— AVAILABLE DATA —

==*==

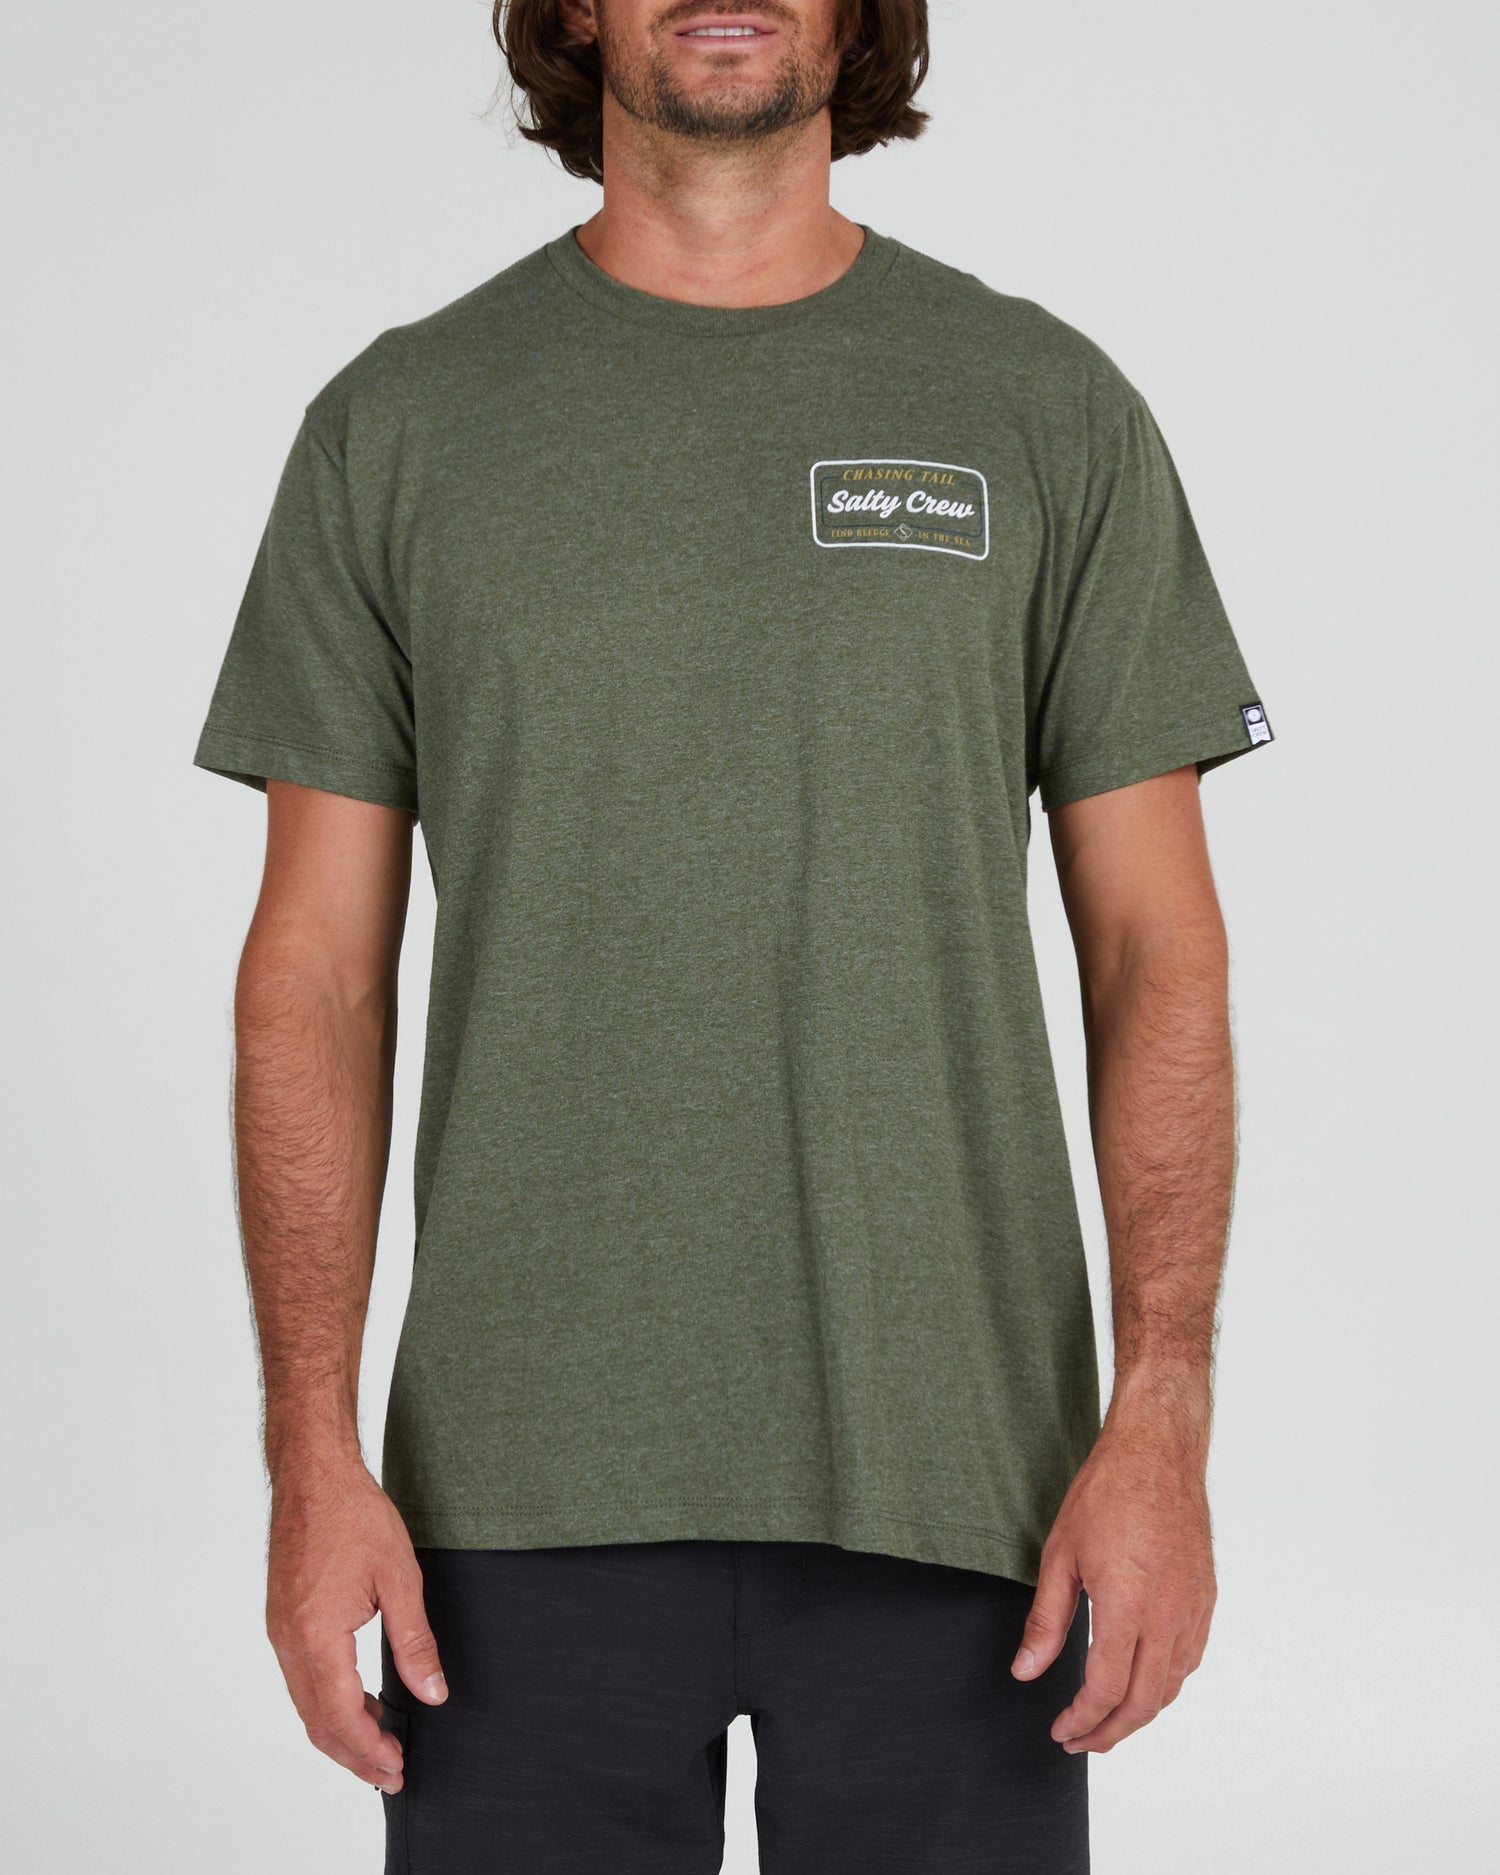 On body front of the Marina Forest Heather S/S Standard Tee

==*==

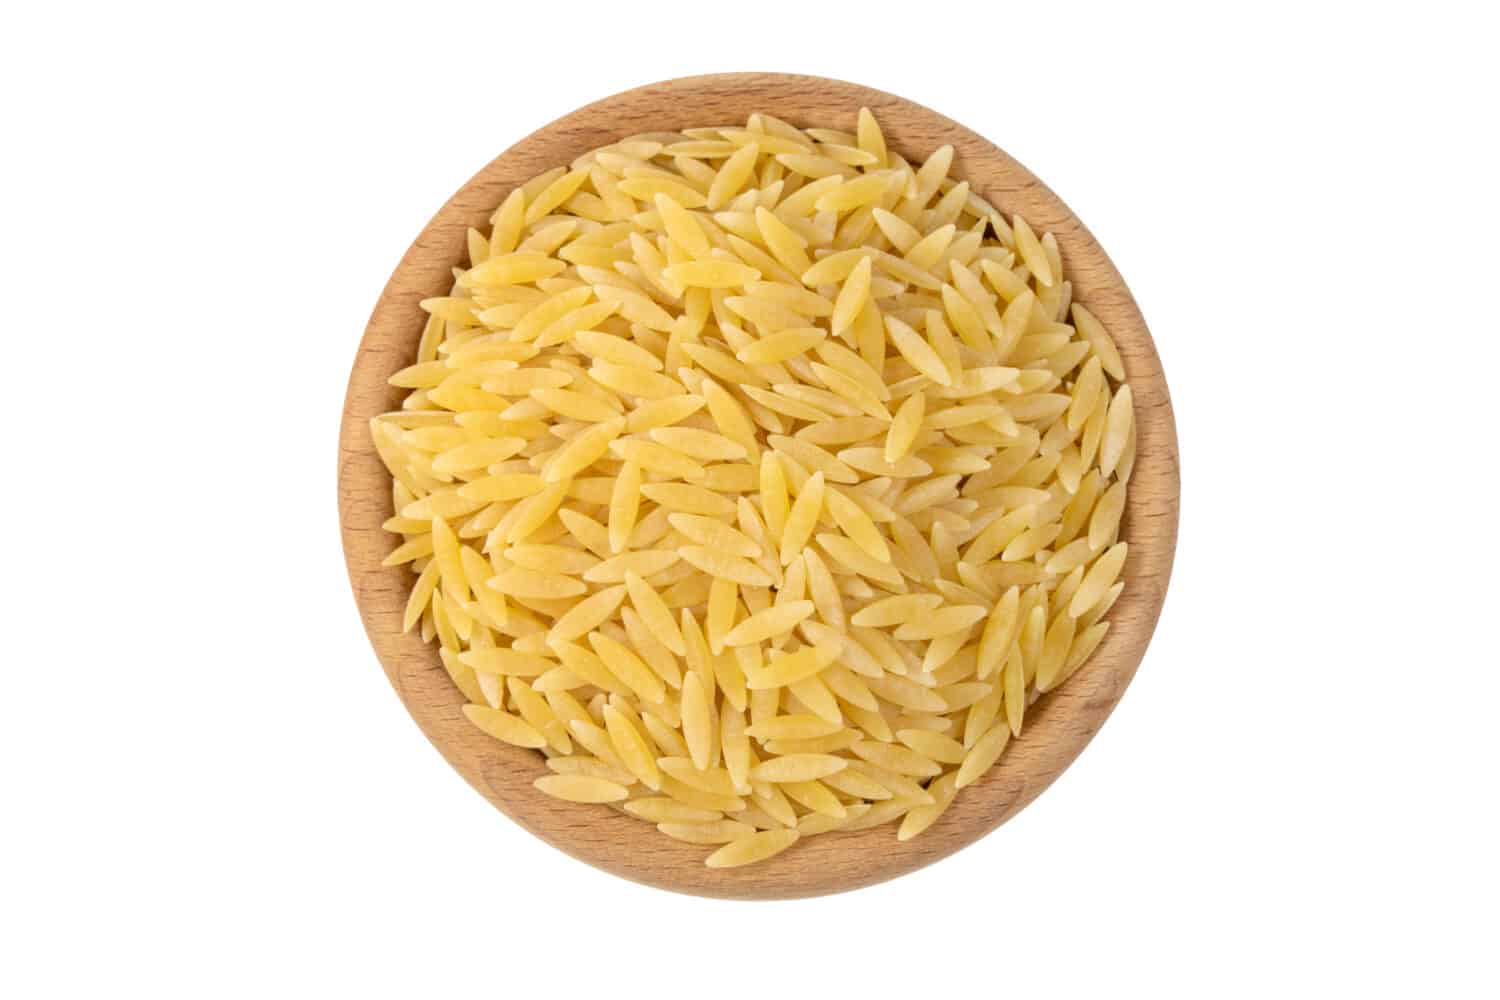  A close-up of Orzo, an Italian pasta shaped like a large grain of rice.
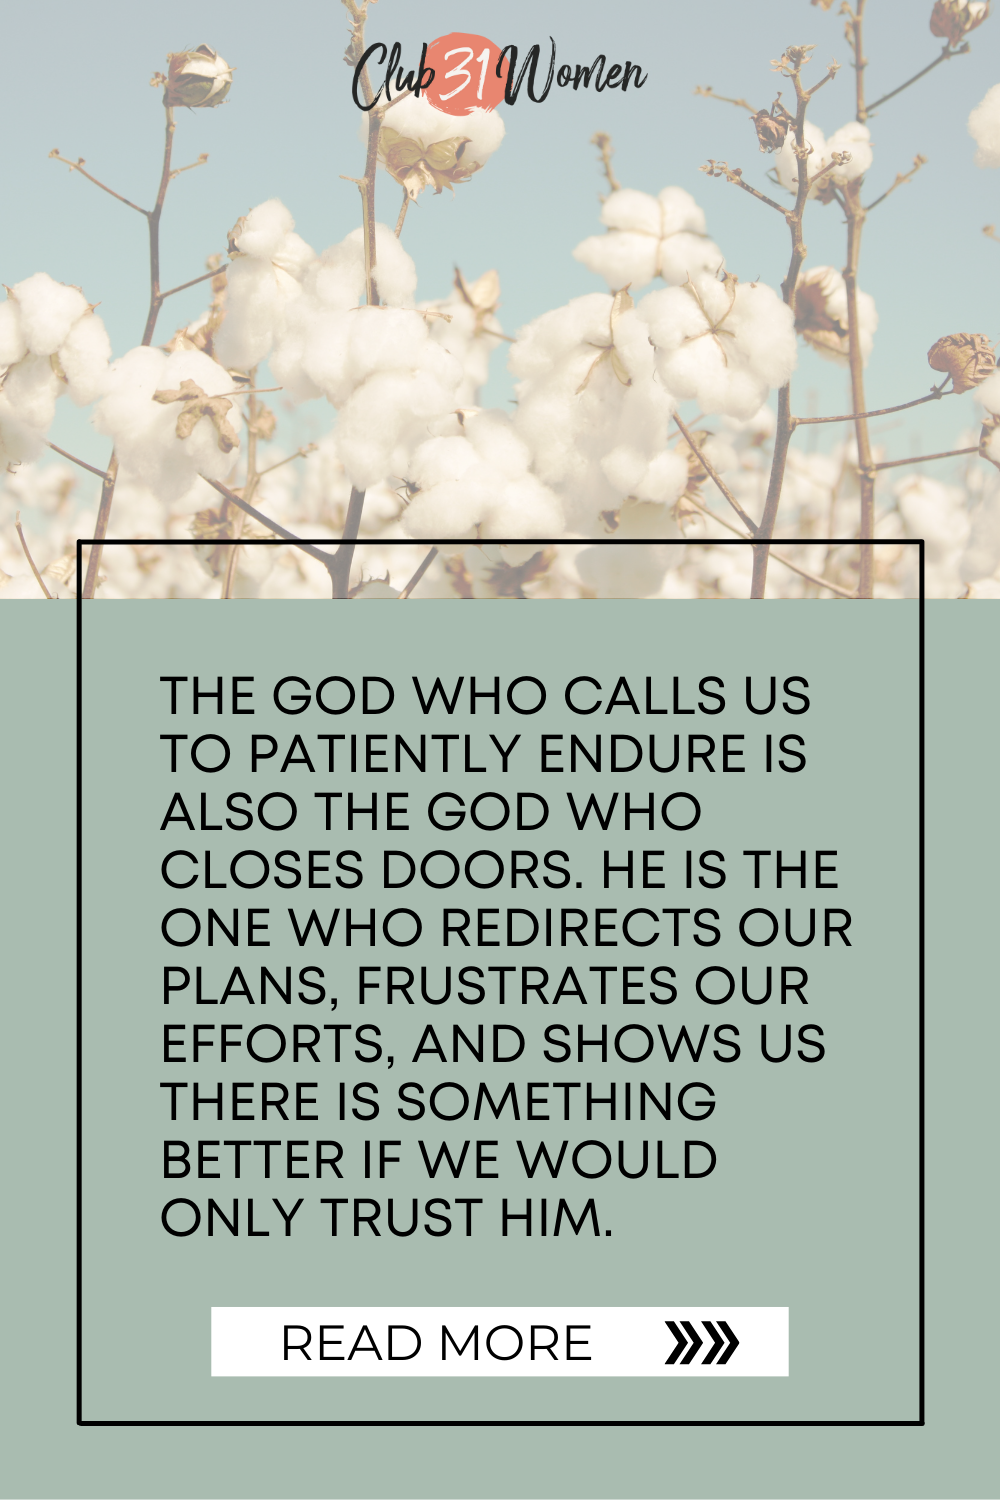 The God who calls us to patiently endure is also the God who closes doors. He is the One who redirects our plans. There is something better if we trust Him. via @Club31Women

==*==

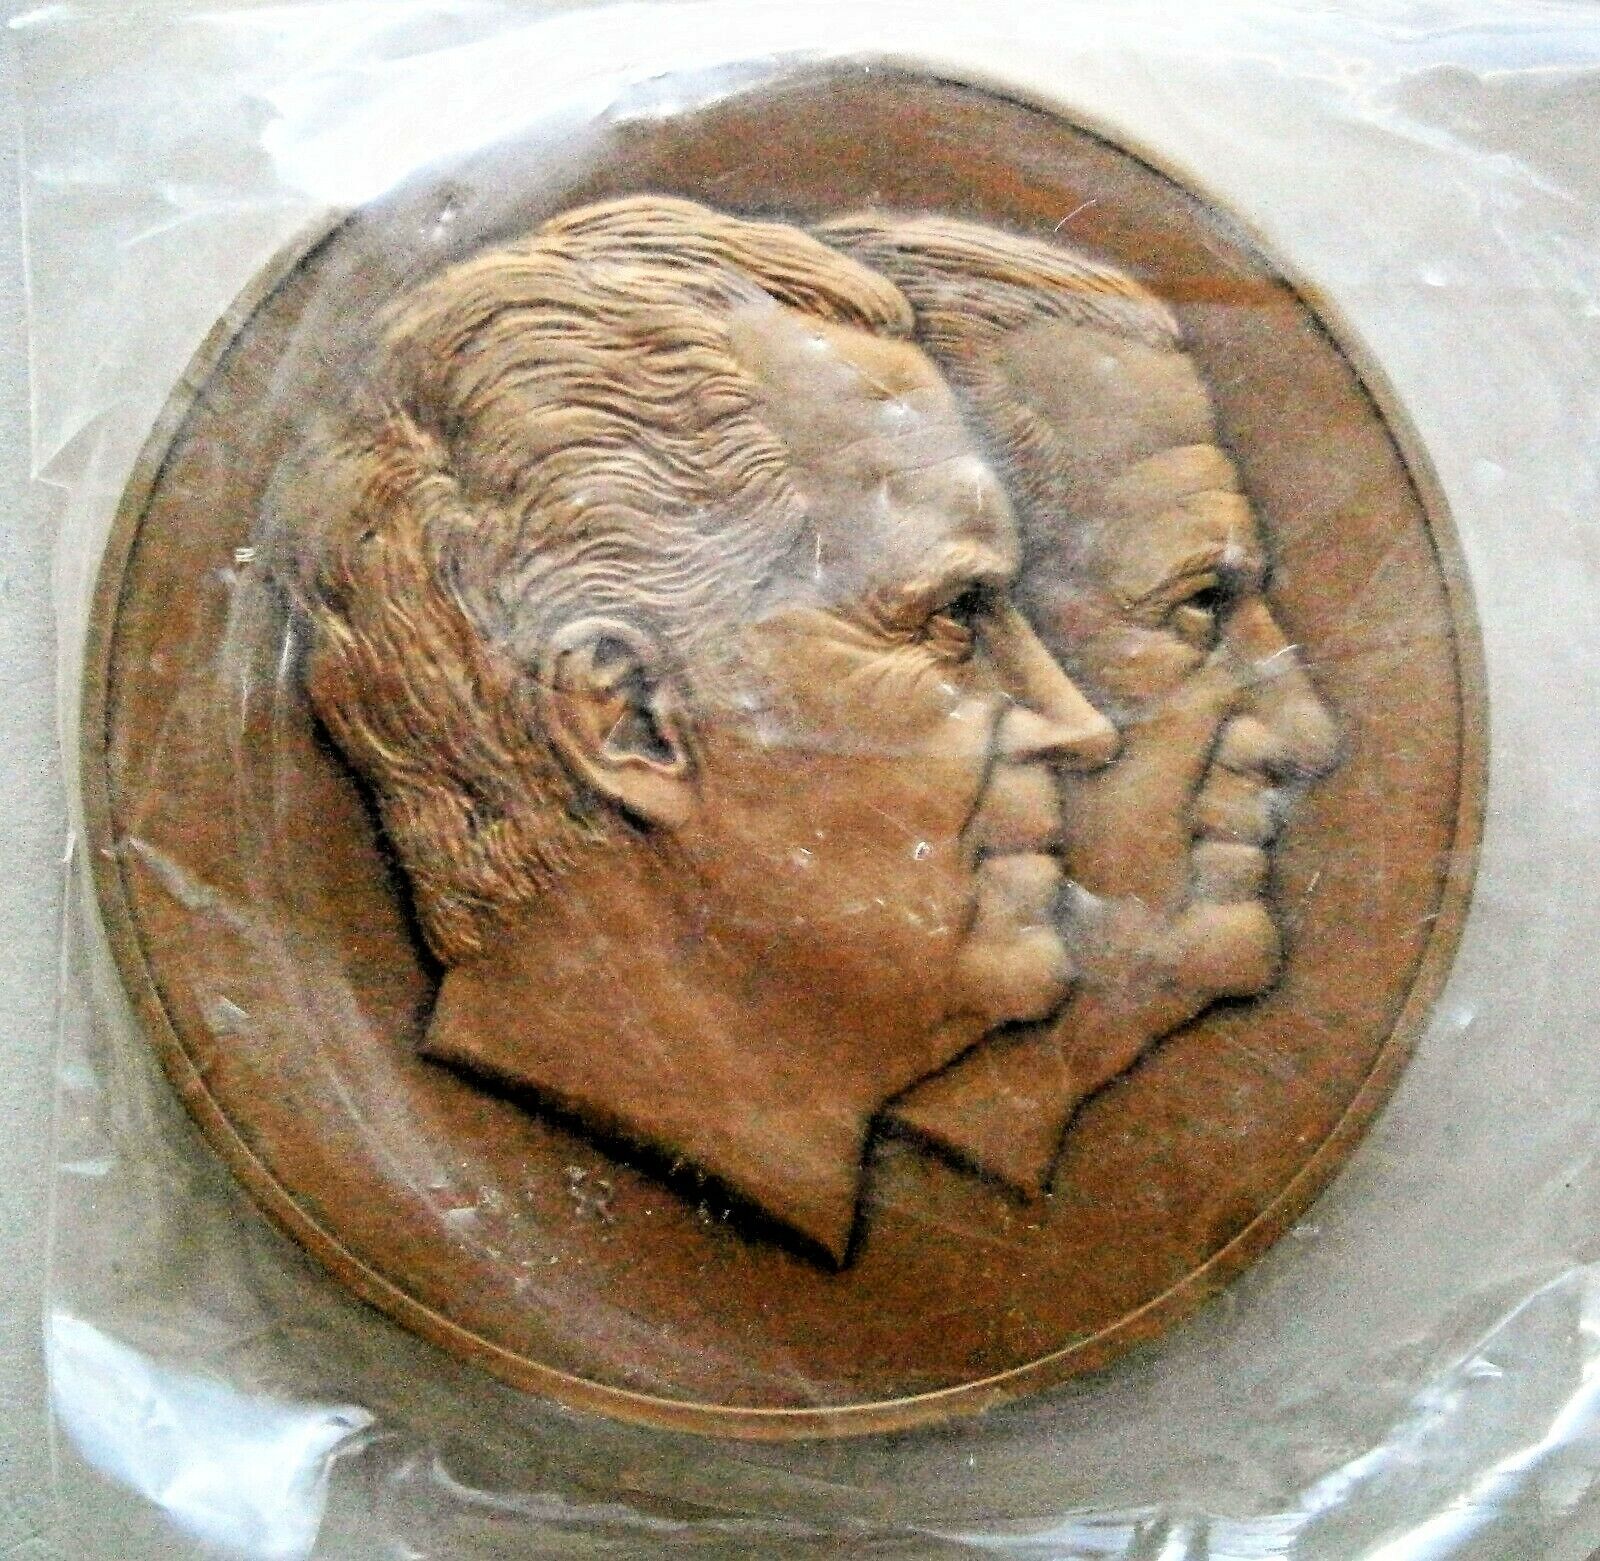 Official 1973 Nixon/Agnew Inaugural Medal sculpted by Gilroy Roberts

==*==

— WORK ITEM —
Print, exactly, each line above from the one with "A close-up of" to the one with "The God who calls", end lines included. Leave pictures out of it.

— EXERCISE OUTPUT —
  A close-up of Orzo, an Italian pasta shaped like a large grain of rice.
 The God who calls us to patiently endure is also the God who closes doors. He is the One who redirects our plans. There is something better if we trust Him. via @Club31Women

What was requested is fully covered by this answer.